You should see the global exception details written to your webjob logs though - please verify that you do (in your SCM portal, under data/jobs/triggered/{jobName}).

alexanderweiss commented 8 years ago

Okay. I understand the issue.

How can I then get an asynchronous job to fail nicely? For a synchronous job that would throwing an error, but there's no way to do it as a result of async code (I can catch any errors, but can't do anything with them)? E.g. calling context.done() with an error argument.

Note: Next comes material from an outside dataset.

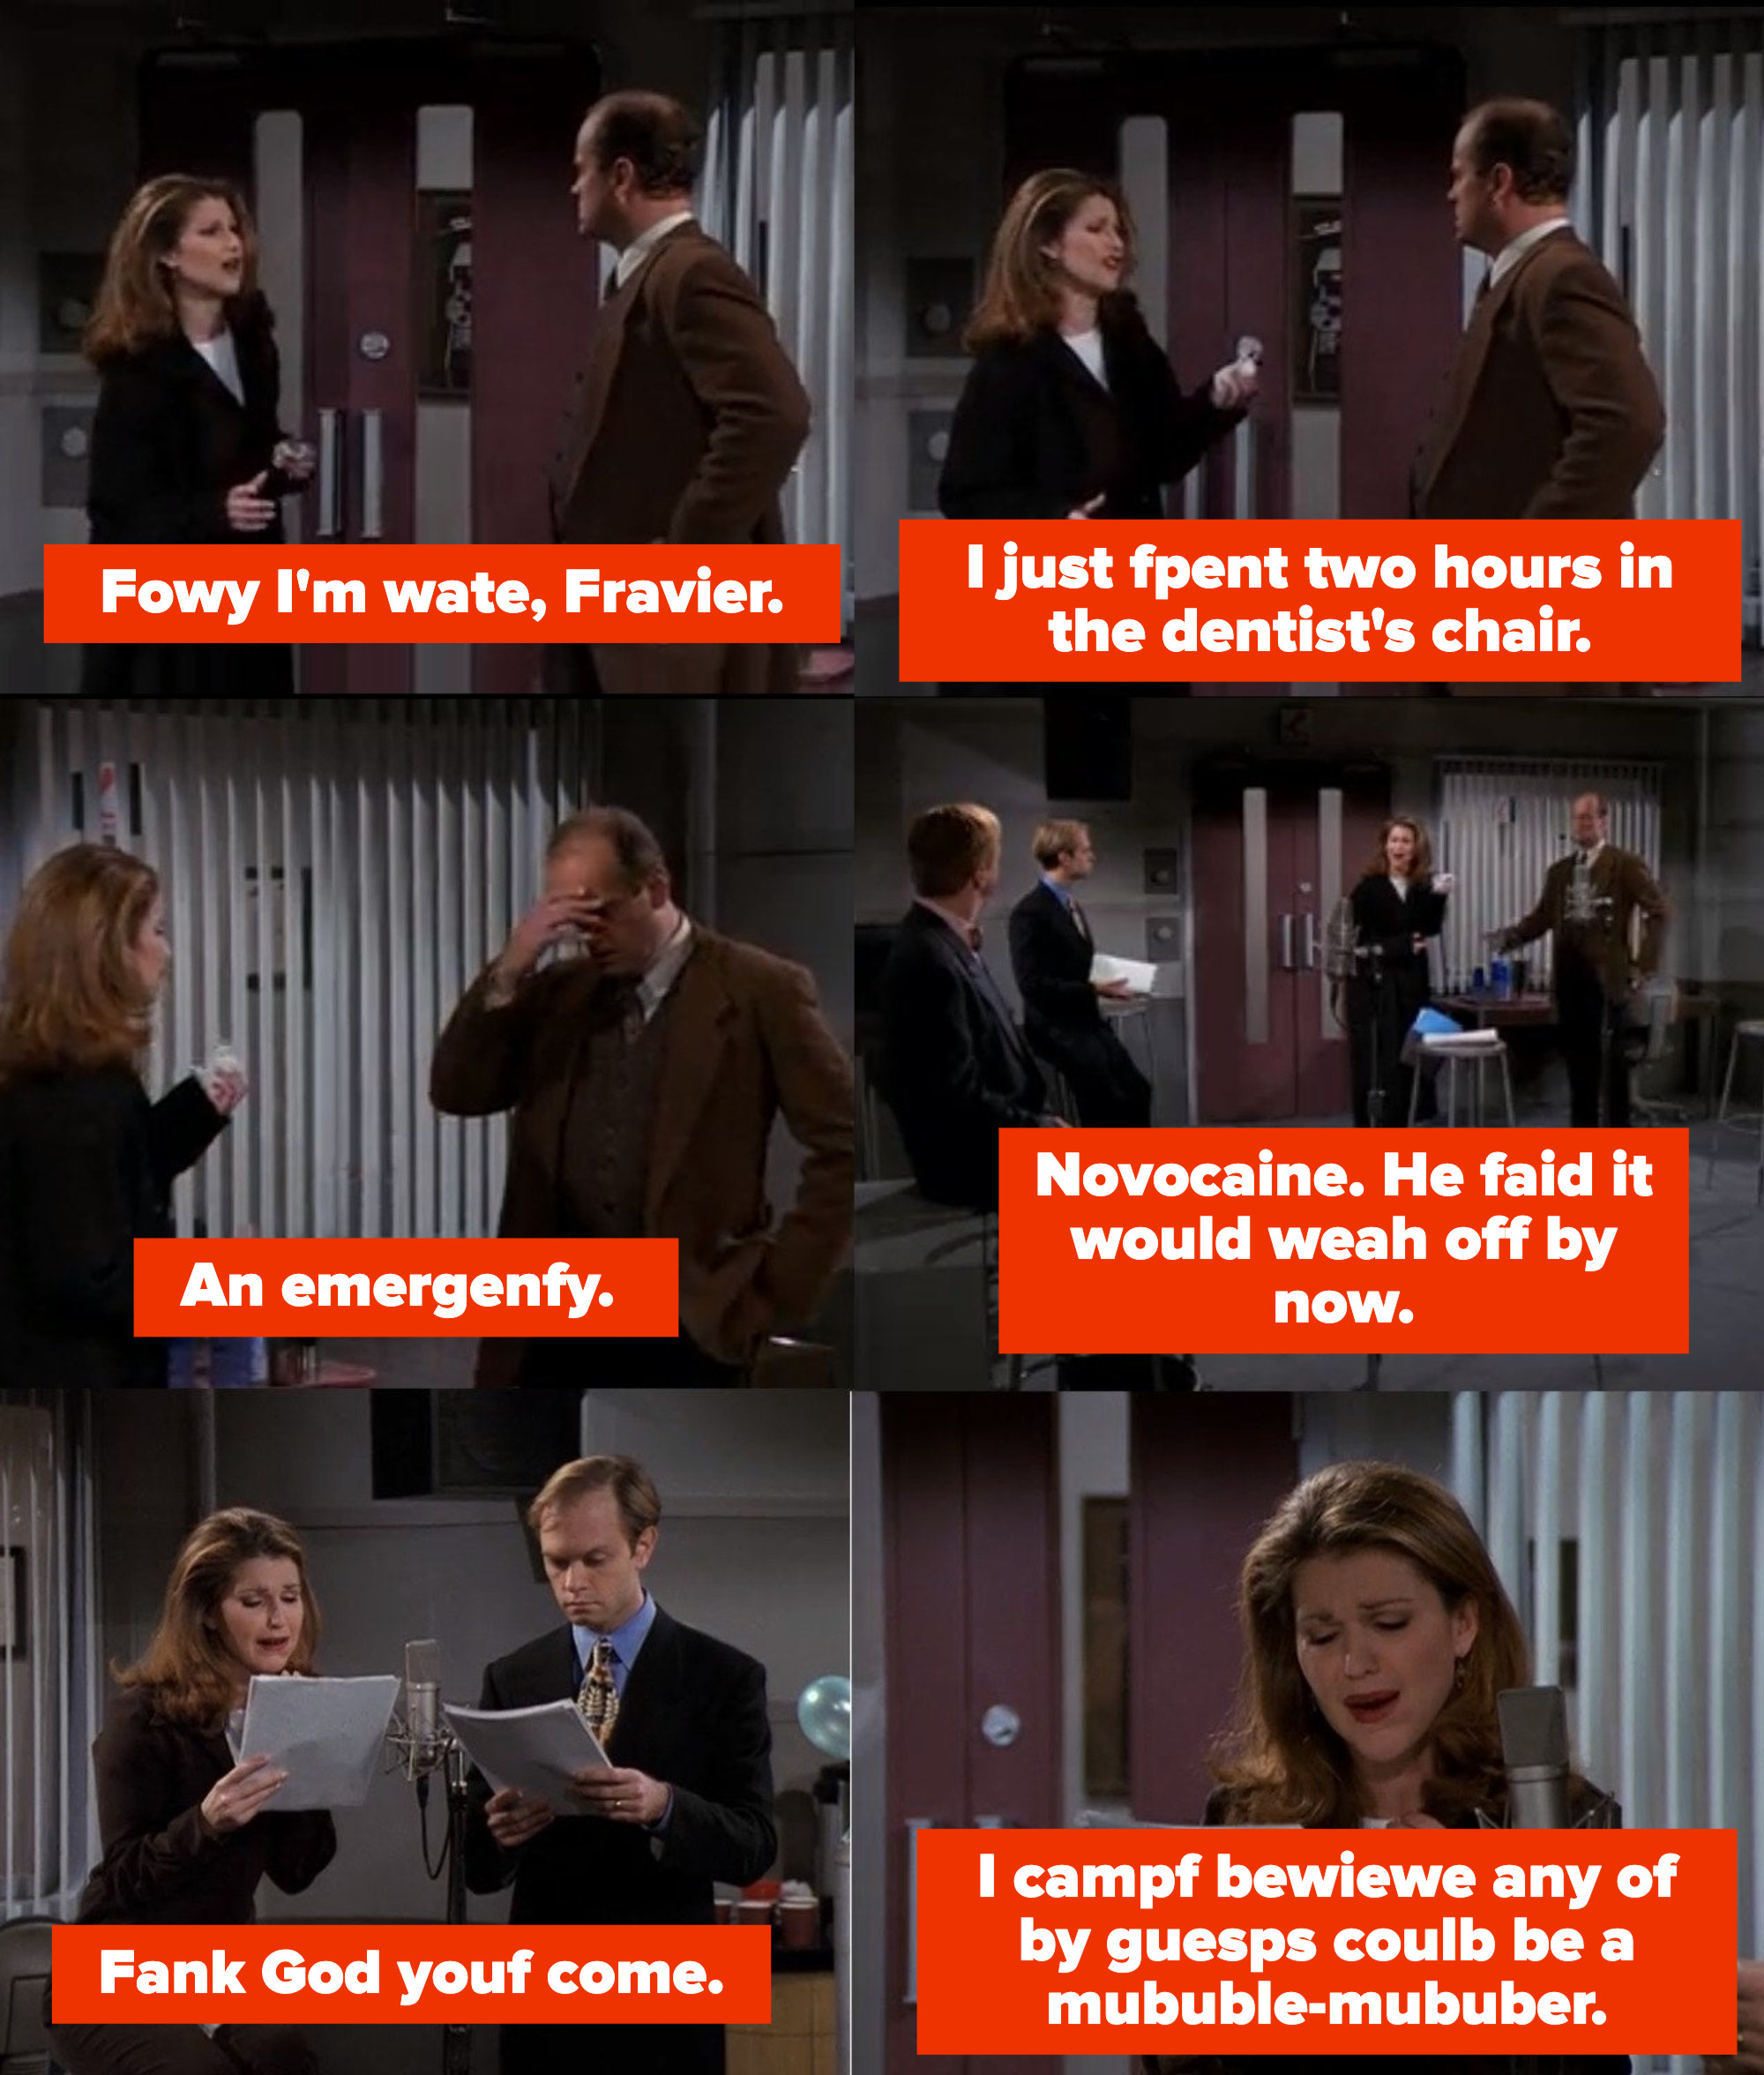 Frasier and Roz do a radio show, but Roz has just been to the dentist and can&#x27;t pronounce words well

(Yes, I do get everything in the logs.)

mathewc commented 8 years ago

For error cases, you can call context.done(err) passing in an error object, string etc. That will be interpreted as an error condition, the function invocation will fail, and the logs will contain the error info. Let me know if that works for you.

alexanderweiss commented 8 years ago

Ah, so it was possible. Sorry... I was looking through the code but couldn't find it. I don't think it's documented is it? Would be a good addition.

It works perfectly this way.

mathewc commented 8 years ago

Not documented yet which is why you did know :) Still playing doc catch up on stuff. I'll be sure to add this.


From: Alexander Weissmailto:notifications@github.com Sent: ‎12/‎1/‎2015 1:55 PM To: Azure/azure-webjobs-sdk-scriptmailto:azure-webjobs-sdk-script@noreply.github.com Cc: Mathew Charlesmailto:Mathew.Charles@microsoft.com Subject: Re: [azure-webjobs-sdk-script] Function failure behaviour (#4)

Ah, so it was possible. Sorry... I was looking through the code but couldn't find it. I don't think it's documented is it? Would be a good addition.

It works perfectly this way.

— Reply to this email directly or view it on GitHubhttps://github.com/Azure/azure-webjobs-sdk-script/issues/4#issuecomment-161107959.

keremcankaya0 commented 7 years ago

I've spent quite a lot of time to figure this behaviour. It's still not updated today.